Your task:
Will you output the entries below exactly, skipping every image they contain?

_ _ _

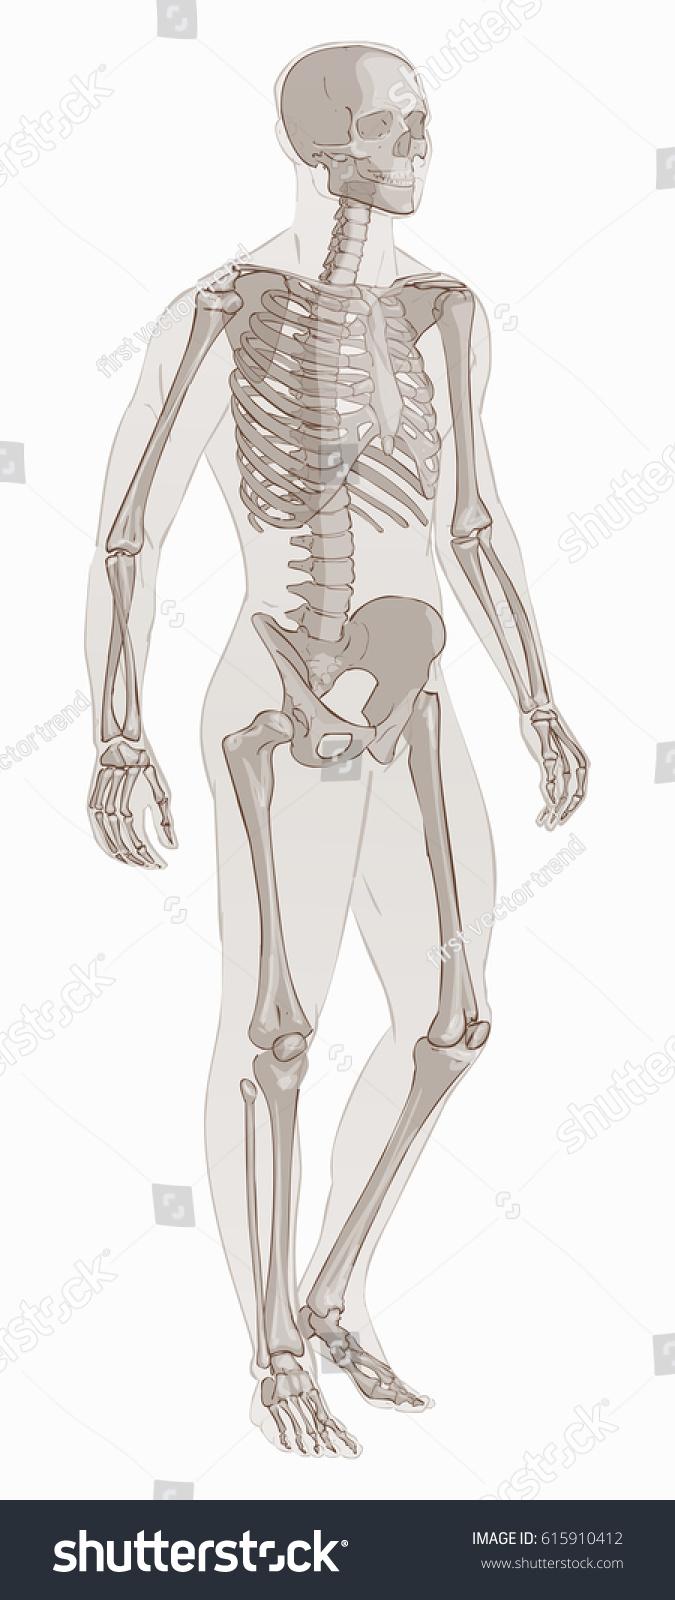 Human Body Parts Man Skeletal Anatomy Stock Illustration 615910412
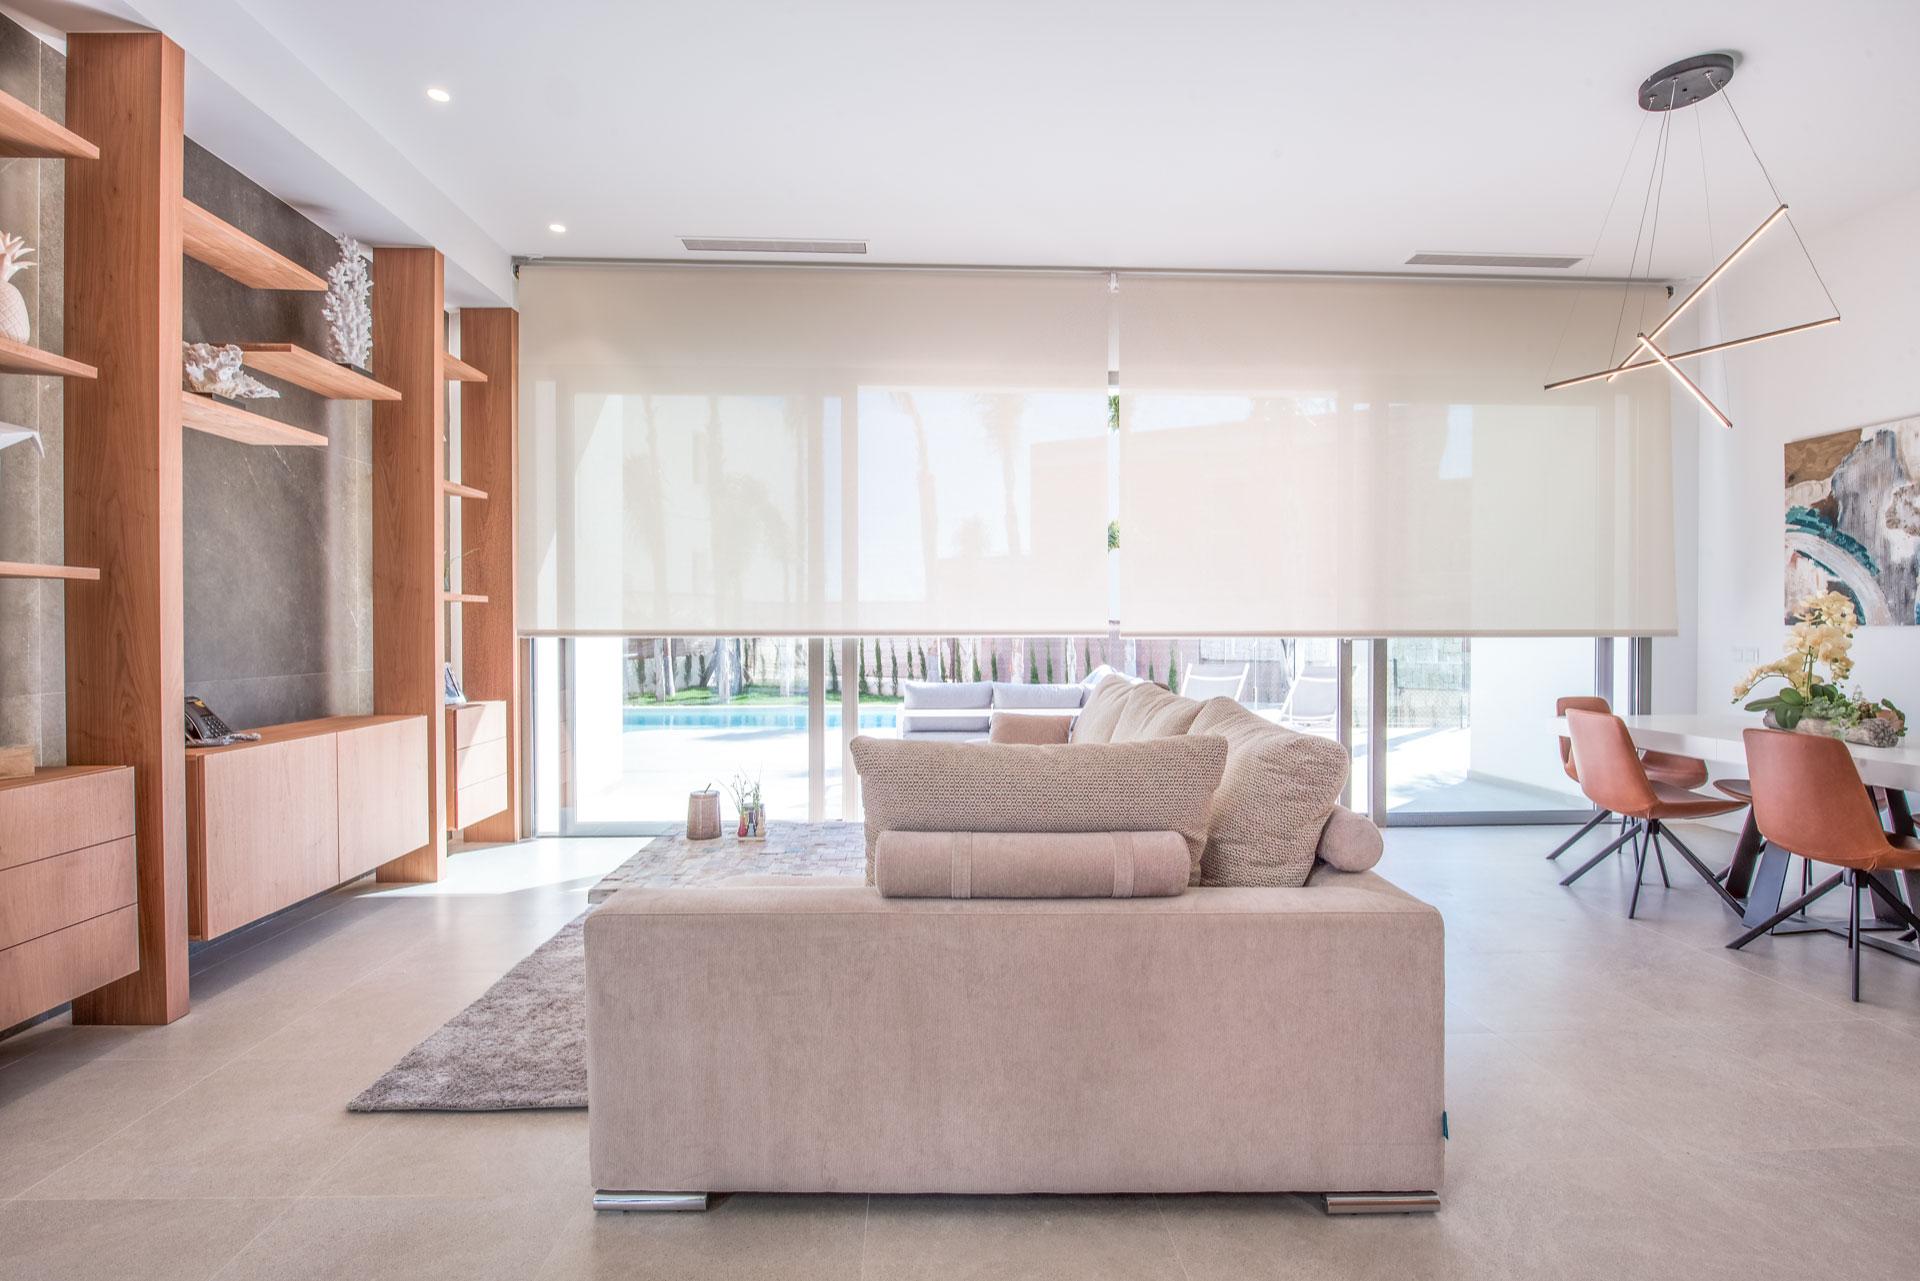 4 bedroom villa For Sale in Finestrat - photograph 4
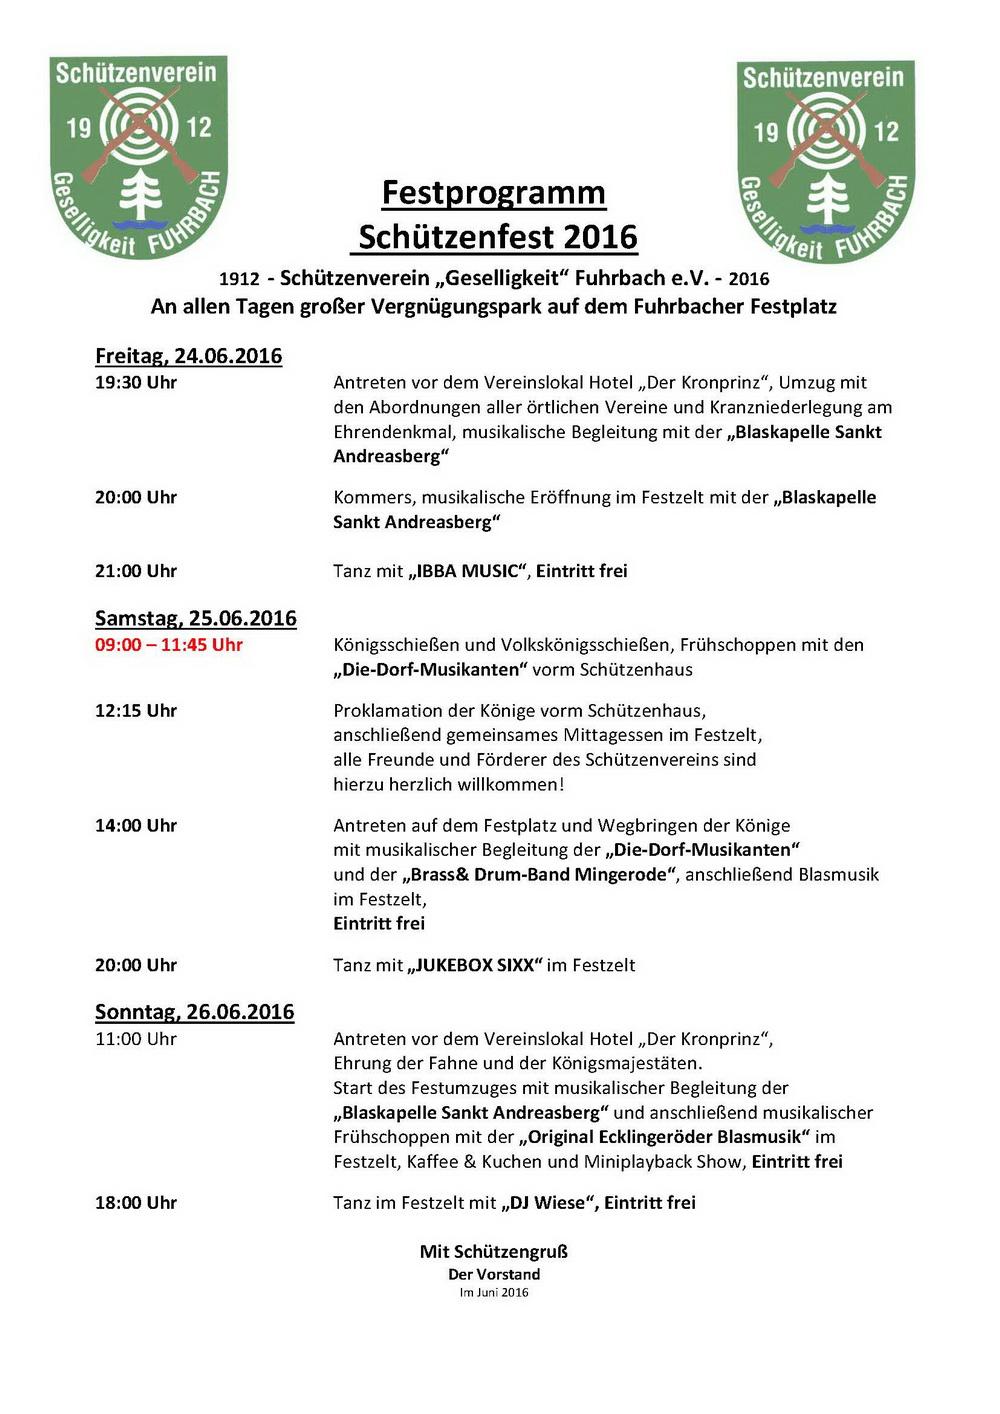 Schuetzenfest 2016 Festprogramm_2
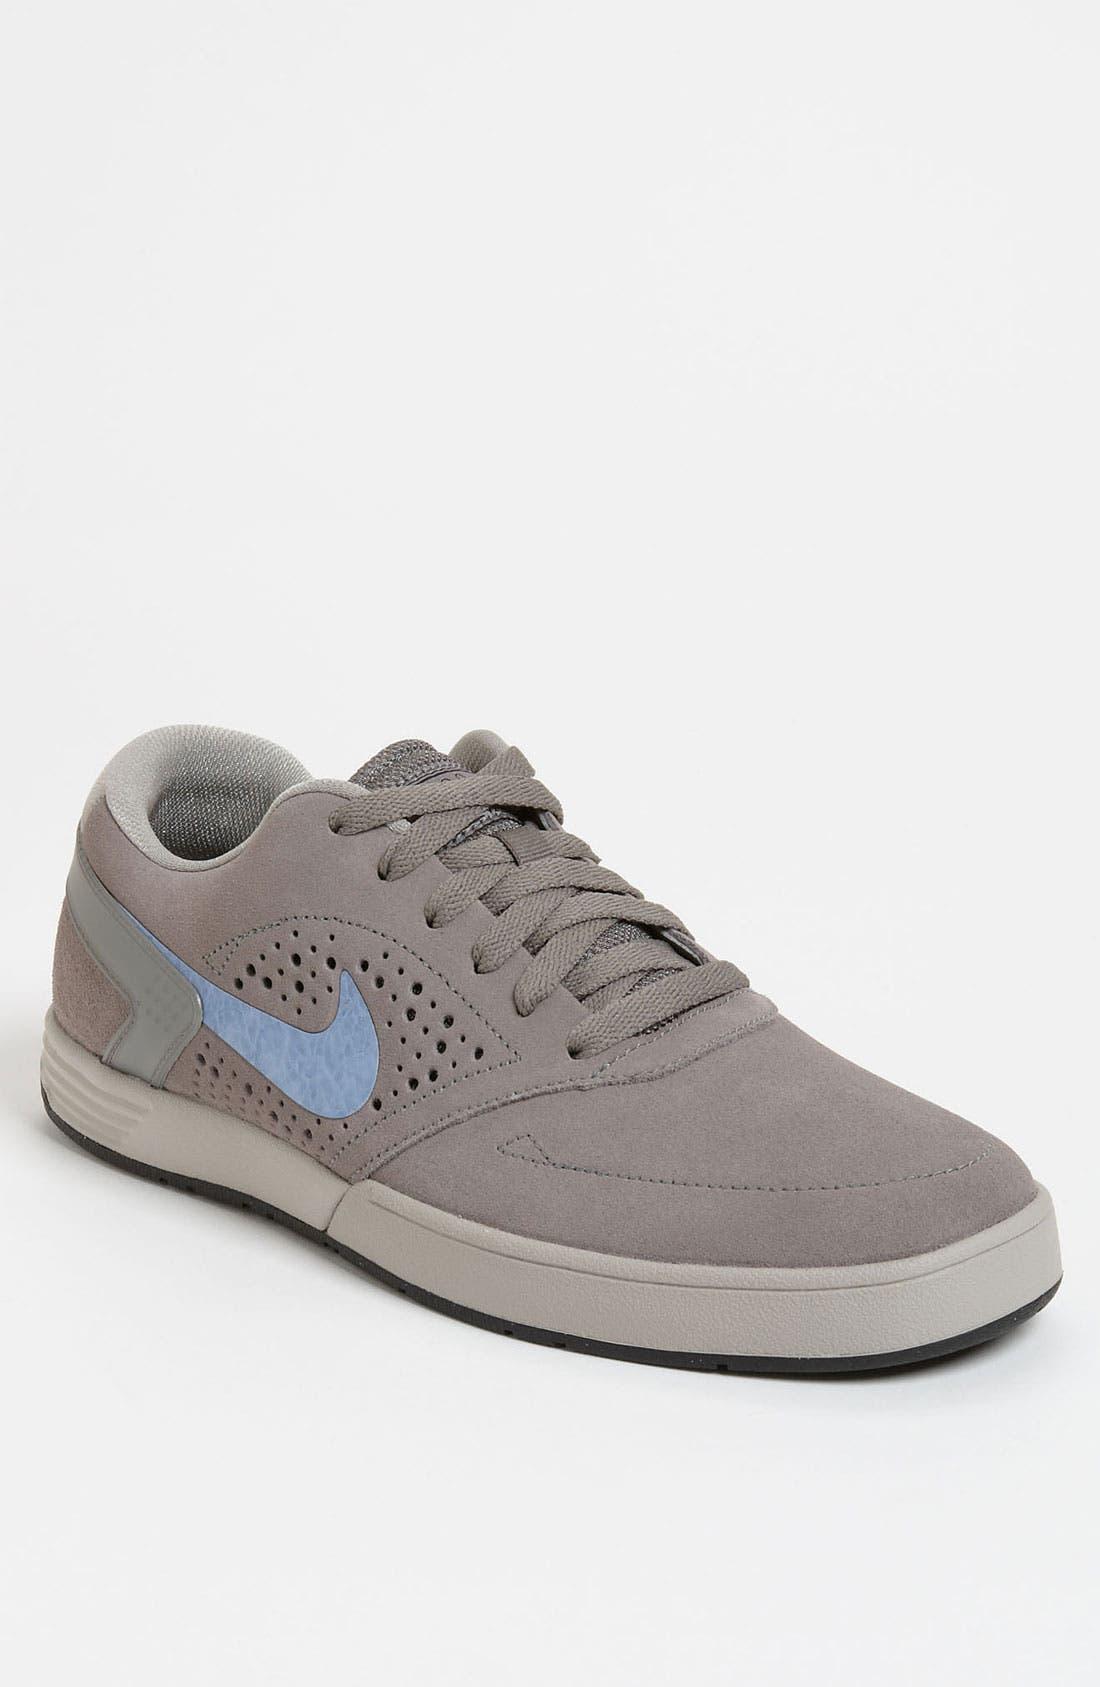 Main Image - Nike 'Paul Rodriguez 6' Sneaker (Men) (Online Only)
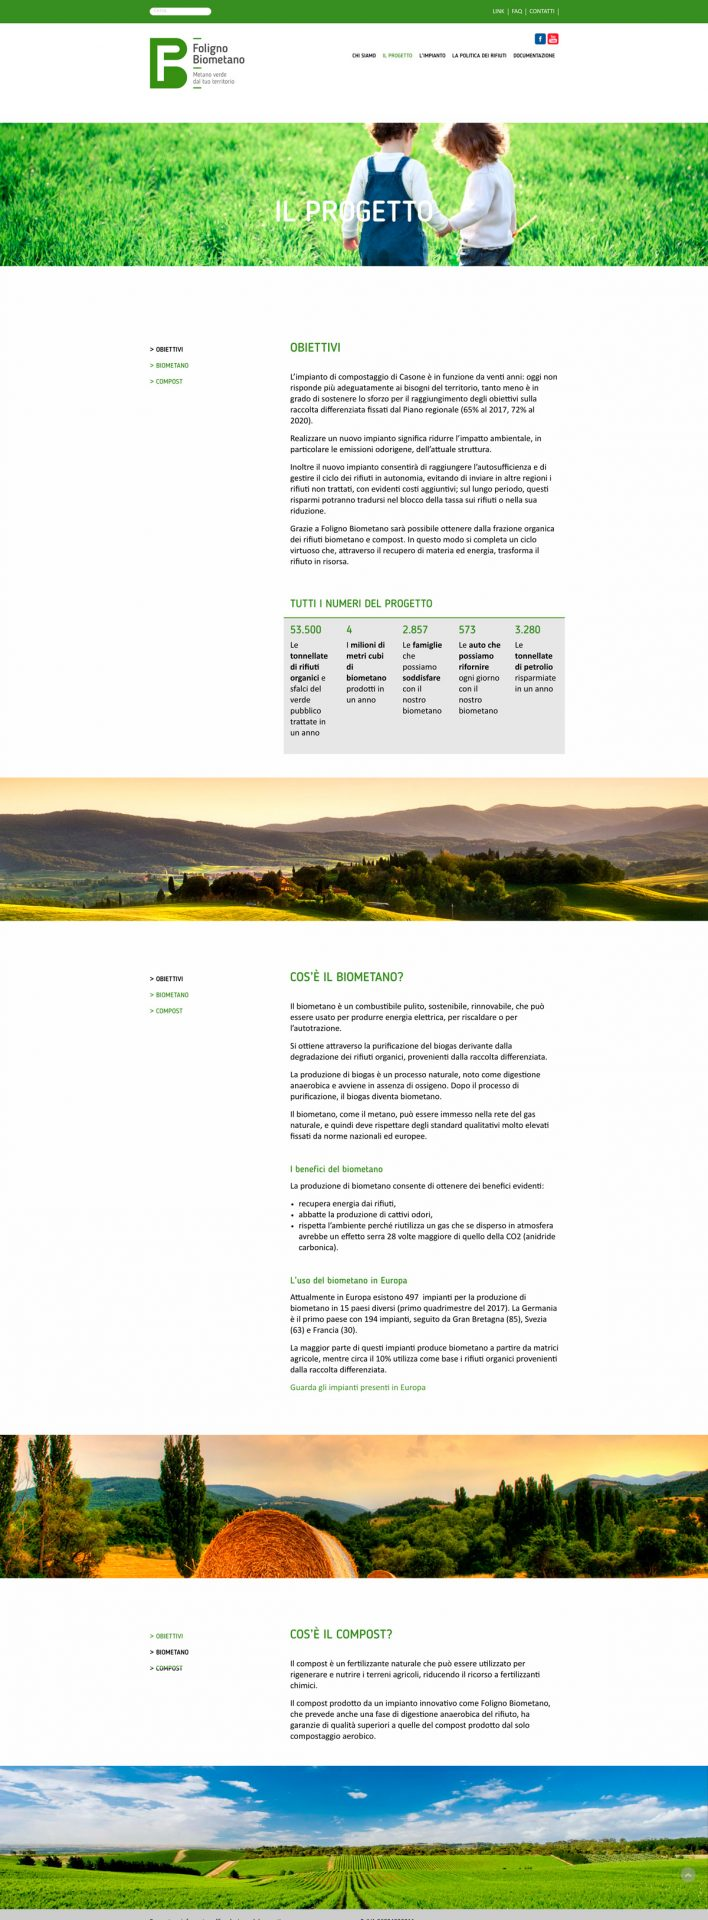 Kreas website folignobiometano 02

_ _ _

Completed task:
 Human Body Parts Man Skeletal Anatomy Stock Illustration 615910412
 4 bedroom villa For Sale in Finestrat - photograph 4
 Schuetzenfest 2016 Festprogramm_2
 Main Image - Nike 'Paul Rodriguez 6' Sneaker (Men) (Online Only)
 Kreas website folignobiometano 02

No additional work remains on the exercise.